Here's my reading on the P&L. The owners are insisting that the car wash business as a whole is dropping off. However, with the 3 year gross at 27k, 24k, 27k, the gross revenue is relatively constant. Utility costs and taxes have greatly increased with the owners failing to pass on to customers these increased costs. Basically, instead of functioning as a business, they're functioning as a pass through collection point for government and utilities.
The wash was constructed in 1990. The floor heat and water heater is natural gas with a electric wall heater to heat the equipment room. Unlike you guys out west with cheap electric from hydropower, our grid here is fossil and nuclear so gas is cheaper than electric. It's also listed as 200 amp single phase service instead of the 3 phase I was expecting.
So, we've established at the beginning that pricing is an issue. Assuming all else remains the same, taking the bays to 1.75 and the vacuums to 1, that's a roughly 40% increase which would give projected total gross at 35k with the only change being increasing pricing to current norms.
The other issue is taxes. Pennsylvania has a concept of Keystone Opportunity Zones which encourage communities to attract businesses by giving exemptions on a number of taxes and fees. We have a new mayor and city council and with my work schedule recently changing to give me a Tuesday\Wednesday weekend, I'm able to make the council meetings and get involved. Our neighboring town has a designated KOZ that stops a few blocks from the border. If I get the town I'm in to get that extended through the main strip and a block in either direction to cover the property, it would be the best opportunity to keep revenue for the business instead of the government sucking it faster than a vacuum takes the change.

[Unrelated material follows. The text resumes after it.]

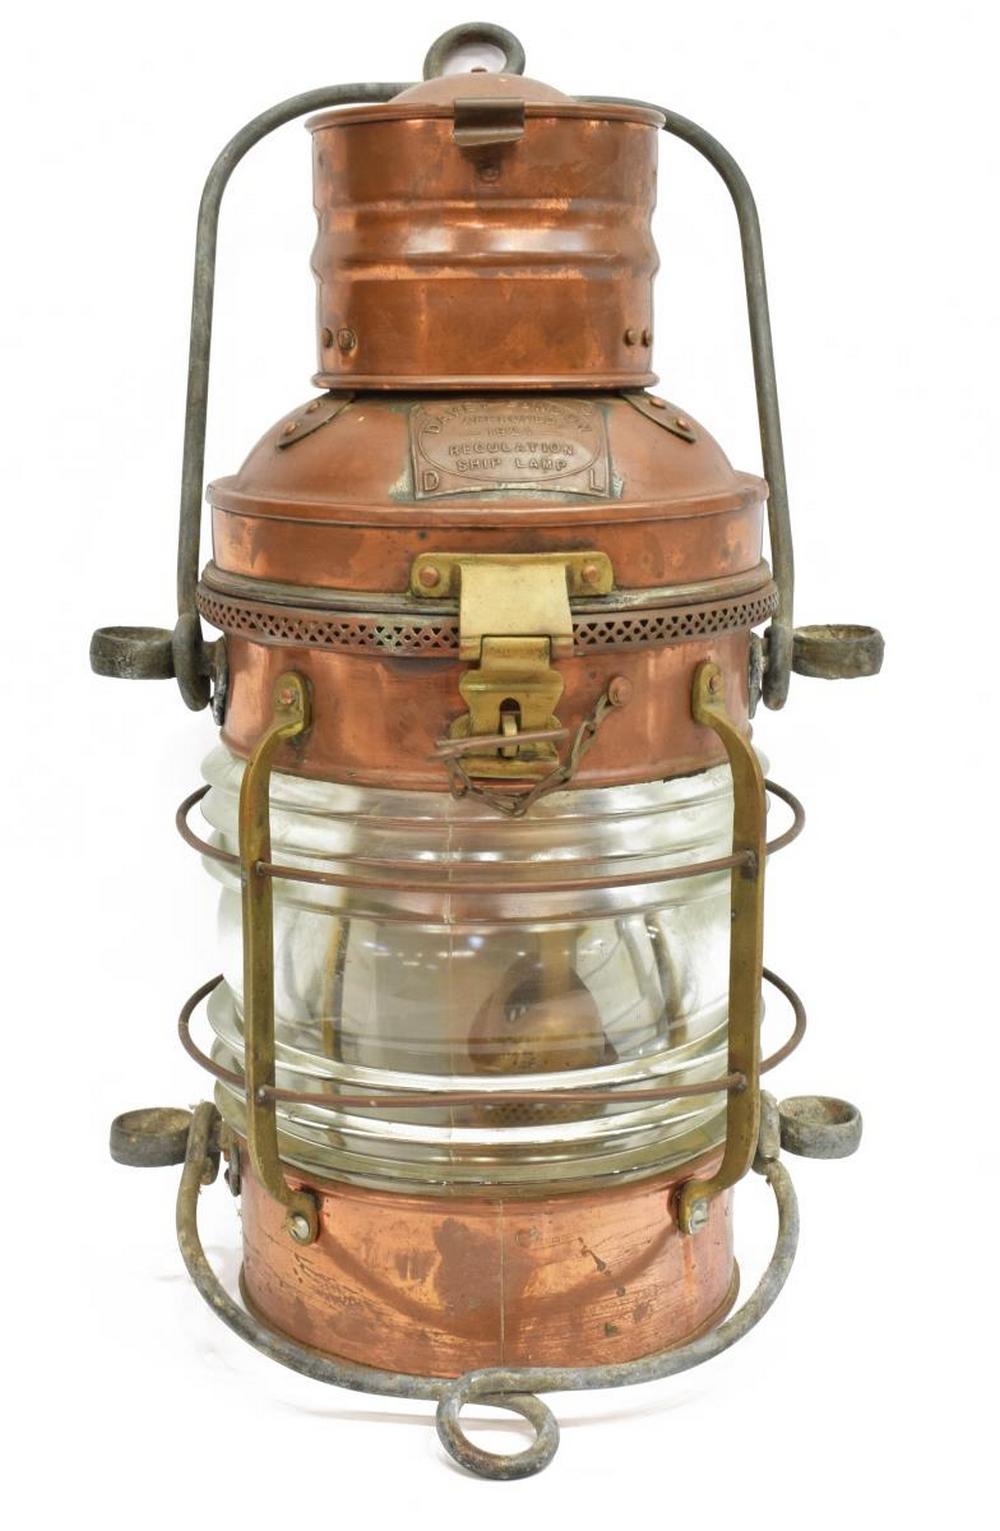 DAVEY 1924 REGULATION COPPER SHIPS LAMP LANTERN

Then we come to dealing with utilities. I know there's a pretreatment permit on file which I imagine might just be for a oil/ water separator. I could try getting a sewer meter so I'm not paying for water not going to the sewer to begin with. The electric company does offer a rebate program to modernize commercial lighting, and I think replacing the equipment room heating to gas would drop costs as well. I also think that the weeping system could be improved to reduce wasting water, which depending on it's current setup could actual be running up every bill without taking anything in.
Seeing the actual numbers and listening to the advice from you guys definitely gives me pause. I'm still questioning whether it's a dead wash vs underperforming and mismanaged. I definitely see a convenience factor to a count up Cryptopay system letting customers actually focus on getting a quality wash instead of rushing to beat the timer. As stated, I don't see a rush of buyers for this property. One of the big dollar stores backed out because the neighbor wouldn't sell them a piece to meet their land specs. I may not be opposed to working with the owner on learning the business if he'd be receptive to trying to get improvement instead of running stagnant.